___ Records shown ___

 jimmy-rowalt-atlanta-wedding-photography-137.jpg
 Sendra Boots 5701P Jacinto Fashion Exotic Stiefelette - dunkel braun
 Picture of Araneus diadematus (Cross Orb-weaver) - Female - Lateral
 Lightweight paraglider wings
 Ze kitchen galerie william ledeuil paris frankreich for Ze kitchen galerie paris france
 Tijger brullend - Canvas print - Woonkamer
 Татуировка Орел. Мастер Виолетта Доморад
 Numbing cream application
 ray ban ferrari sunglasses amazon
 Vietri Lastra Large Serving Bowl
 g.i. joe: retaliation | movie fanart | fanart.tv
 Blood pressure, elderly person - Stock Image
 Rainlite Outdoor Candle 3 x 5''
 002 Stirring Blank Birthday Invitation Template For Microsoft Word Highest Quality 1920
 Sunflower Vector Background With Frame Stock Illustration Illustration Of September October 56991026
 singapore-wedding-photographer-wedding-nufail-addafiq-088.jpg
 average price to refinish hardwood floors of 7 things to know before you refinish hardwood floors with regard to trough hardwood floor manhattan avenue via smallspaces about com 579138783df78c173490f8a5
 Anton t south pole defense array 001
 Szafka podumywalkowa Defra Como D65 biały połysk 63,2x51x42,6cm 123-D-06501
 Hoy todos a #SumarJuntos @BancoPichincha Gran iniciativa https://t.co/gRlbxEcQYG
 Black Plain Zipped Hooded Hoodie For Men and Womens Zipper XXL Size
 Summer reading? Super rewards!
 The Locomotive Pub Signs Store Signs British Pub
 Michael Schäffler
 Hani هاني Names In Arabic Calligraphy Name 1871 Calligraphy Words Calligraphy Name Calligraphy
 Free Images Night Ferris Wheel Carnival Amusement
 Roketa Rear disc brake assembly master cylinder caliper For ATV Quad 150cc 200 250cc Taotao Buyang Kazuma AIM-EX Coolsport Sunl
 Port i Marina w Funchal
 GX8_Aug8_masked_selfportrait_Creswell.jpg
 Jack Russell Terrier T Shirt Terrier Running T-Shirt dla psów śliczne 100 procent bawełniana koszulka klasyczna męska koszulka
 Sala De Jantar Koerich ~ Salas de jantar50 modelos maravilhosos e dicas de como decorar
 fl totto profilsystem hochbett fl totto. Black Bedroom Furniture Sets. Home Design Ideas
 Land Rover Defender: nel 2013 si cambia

___

Exercise prompt –
Print the data word for word.

Solution –
 jimmy-rowalt-atlanta-wedding-photography-137.jpg
 Sendra Boots 5701P Jacinto Fashion Exotic Stiefelette - dunkel braun
 Picture of Araneus diadematus (Cross Orb-weaver) - Female - Lateral
 Lightweight paraglider wings
 Ze kitchen galerie william ledeuil paris frankreich for Ze kitchen galerie paris france
 Tijger brullend - Canvas print - Woonkamer
 Татуировка Орел. Мастер Виолетта Доморад
 Numbing cream application
 ray ban ferrari sunglasses amazon
 Vietri Lastra Large Serving Bowl
 g.i. joe: retaliation | movie fanart | fanart.tv
 Blood pressure, elderly person - Stock Image
 Rainlite Outdoor Candle 3 x 5''
 002 Stirring Blank Birthday Invitation Template For Microsoft Word Highest Quality 1920
 Sunflower Vector Background With Frame Stock Illustration Illustration Of September October 56991026
 singapore-wedding-photographer-wedding-nufail-addafiq-088.jpg
 average price to refinish hardwood floors of 7 things to know before you refinish hardwood floors with regard to trough hardwood floor manhattan avenue via smallspaces about com 579138783df78c173490f8a5
 Anton t south pole defense array 001
 Szafka podumywalkowa Defra Como D65 biały połysk 63,2x51x42,6cm 123-D-06501
 Hoy todos a #SumarJuntos @BancoPichincha Gran iniciativa https://t.co/gRlbxEcQYG
 Black Plain Zipped Hooded Hoodie For Men and Womens Zipper XXL Size
 Summer reading? Super rewards!
 The Locomotive Pub Signs Store Signs British Pub
 Michael Schäffler
 Hani هاني Names In Arabic Calligraphy Name 1871 Calligraphy Words Calligraphy Name Calligraphy
 Free Images Night Ferris Wheel Carnival Amusement
 Roketa Rear disc brake assembly master cylinder caliper For ATV Quad 150cc 200 250cc Taotao Buyang Kazuma AIM-EX Coolsport Sunl
 Port i Marina w Funchal
 GX8_Aug8_masked_selfportrait_Creswell.jpg
 Jack Russell Terrier T Shirt Terrier Running T-Shirt dla psów śliczne 100 procent bawełniana koszulka klasyczna męska koszulka
 Sala De Jantar Koerich ~ Salas de jantar50 modelos maravilhosos e dicas de como decorar
 fl totto profilsystem hochbett fl totto. Black Bedroom Furniture Sets. Home Design Ideas
 Land Rover Defender: nel 2013 si cambia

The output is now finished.